The subscription streaming service operated by Time Warner’s Turner unit offered art house, indie and foreign films by partnering with Warner Bros. Digital Networks to also present classic Hollywood titles from the Warner Bros. film library.
“While FilmStruck has a very loyal fanbase, it remains largely a niche service. We plan to take key learnings from FilmStruck to help shape future business decisions in the direct-to-consumer space and redirect this investment back into our collective portfolios,” the WarnerMedia statement read.
The closure of FilmStruck is not unexpected, as AT&T’s WarnerMedia division is at work on a new direct-to-consumer streaming service that will feature its full portfolio of entertainment brands, including HBO.

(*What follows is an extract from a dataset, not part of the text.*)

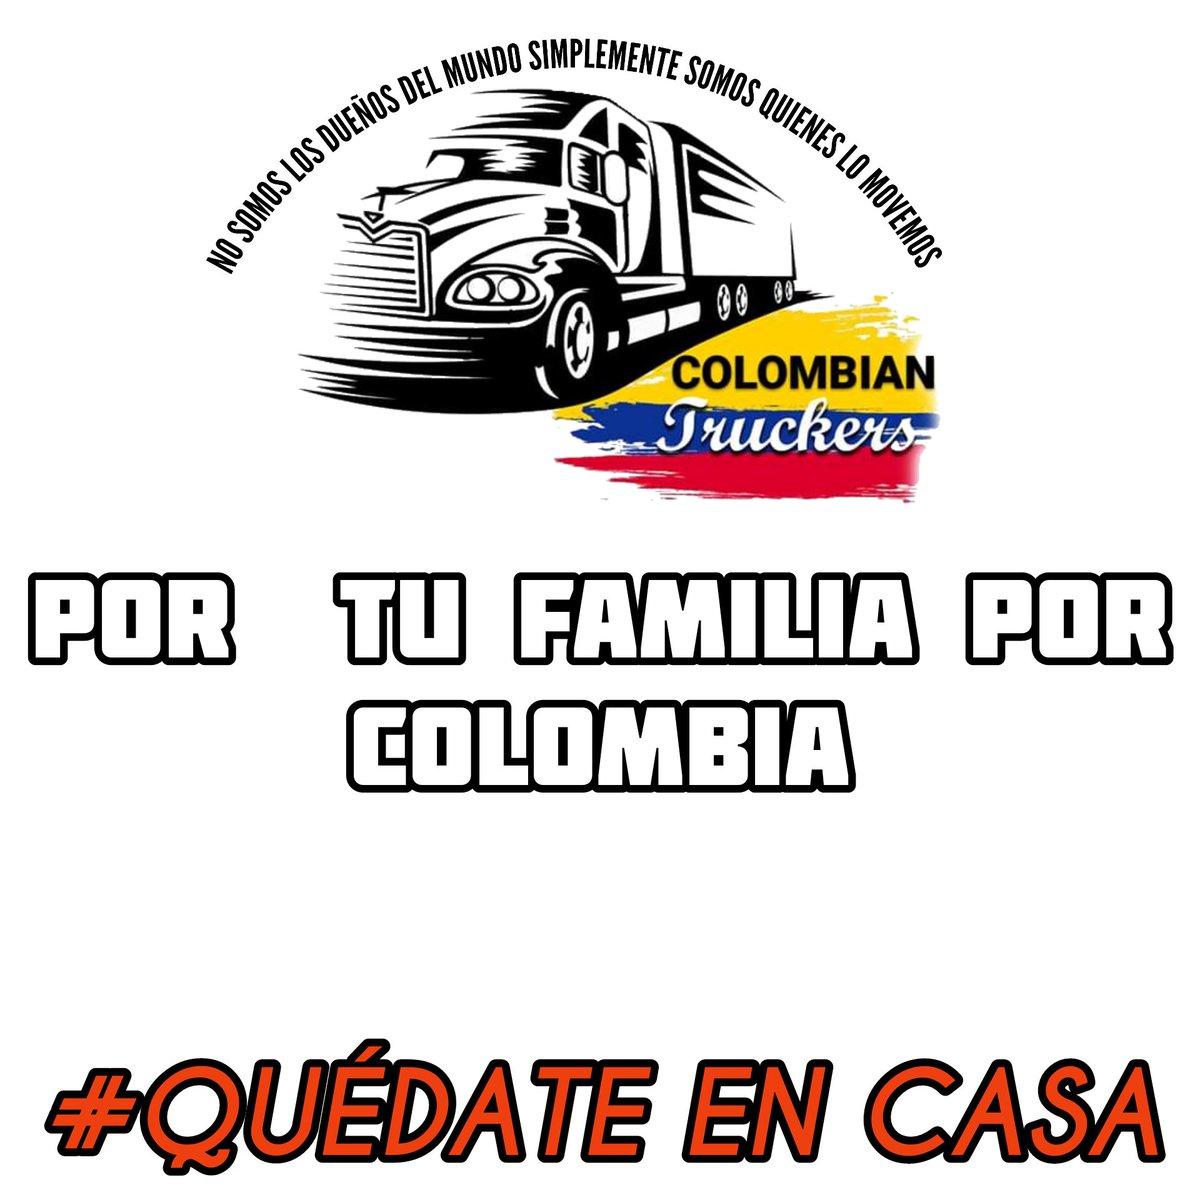 colombian truckers on twitter quedateencasaeh1 colombian truckers bigrig colombia freightliner brasil paraguay honduras kemworth fuso dodge chevrolet peru guatemala internacional mack transportadores transporte ford lasp twitter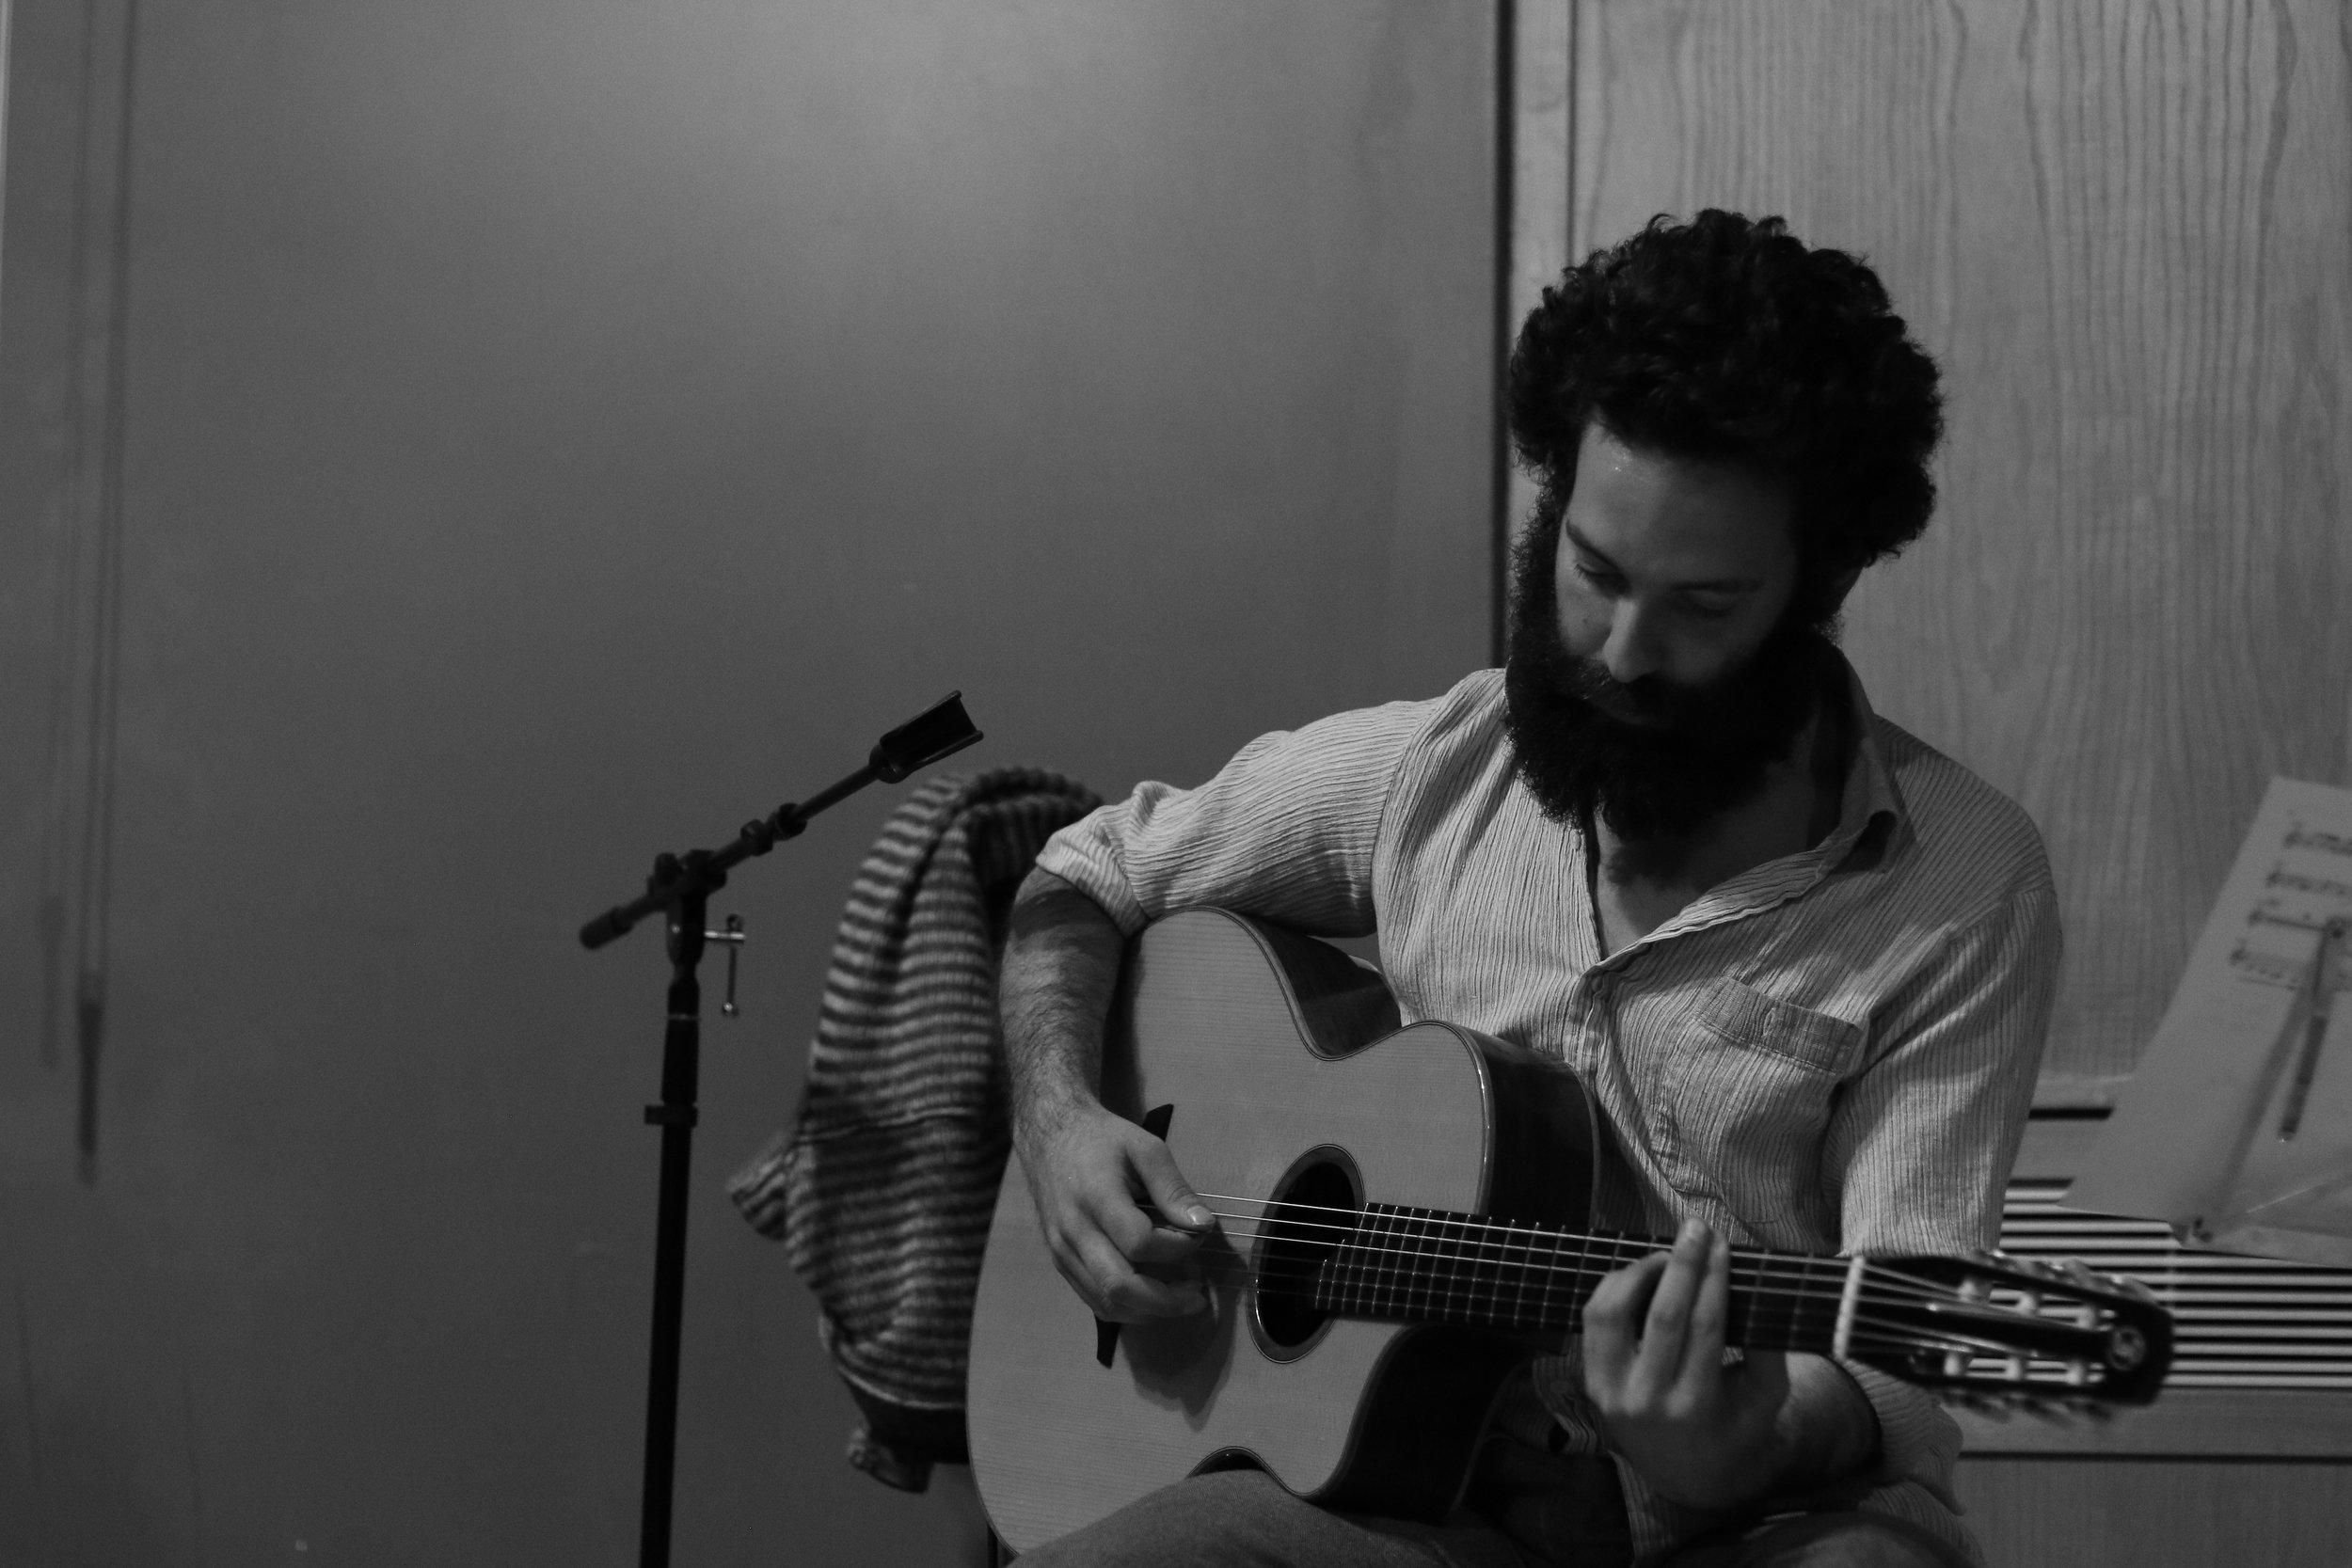 Tim Karp playing music at An Evening of Norse Mythology. Photo by Jordan Laith Rawi.

A WarnerMedia streaming service will put the company, recently acquired by AT&T, square into the race for streaming audiences alongside Disney, which is currently prepping a family-friendly subscription video service that it plans to bundle with other streaming products ESPN+ and Hulu.
FilmStruck launched in the U.S. in November 2016, offering exclusive streaming access to the art house-oriented Criterion Collection, which moved from Hulu to FilmStruck that year.
The Criterion Collection on its blogsite Friday said it was “disappointed” by the decision to shut down FilmStruck. “When we launched the Criterion Channel in 2016, we had two goals: to ensure that our entire streaming library remained available, and to address our audience in our own voice,” it said.
“We’re proud of the work we’ve done, bringing curated programming and the full range of supplemental features to the streaming space, championing a diverse array of filmmakers from beyond our collection and creating original content that invites you into exciting conversations about cinema culture,” the blog continued.
The Criterion Collection added that it will be looking at ways to get its titles back into the digital space ahead of FilmStruck bowing out in late November.
FilmStruck told current subscribers on its Twitter account to visit the streamer’s website for refund information. “It has been our pleasure bringing FilmStruck to you and we thank you for your support,” the streamer said on its social media site.
In other cuts, Warner Bros. earlier shut the doors on its subscription business DramaFever, which specialized in Korean dramas and other international programming. And Turner Entertainment also shut down its Super Deluxe digital studio soon after Turner owner Time Warner completed its sale to AT&T.
The Warner Archive, which has all of Warner Bros.’ classic films, was also earlier shut down and its titles went to Filmstruck. With Filmstruck to shutter, a spokesperson for Turner said Warner Bros. will retain the rights to the Warner Archive titles.
Oct. 26, 12:30 p.m. Updated with comments by Turner and The Criterion Collection following news that FilmStruck will be shut down.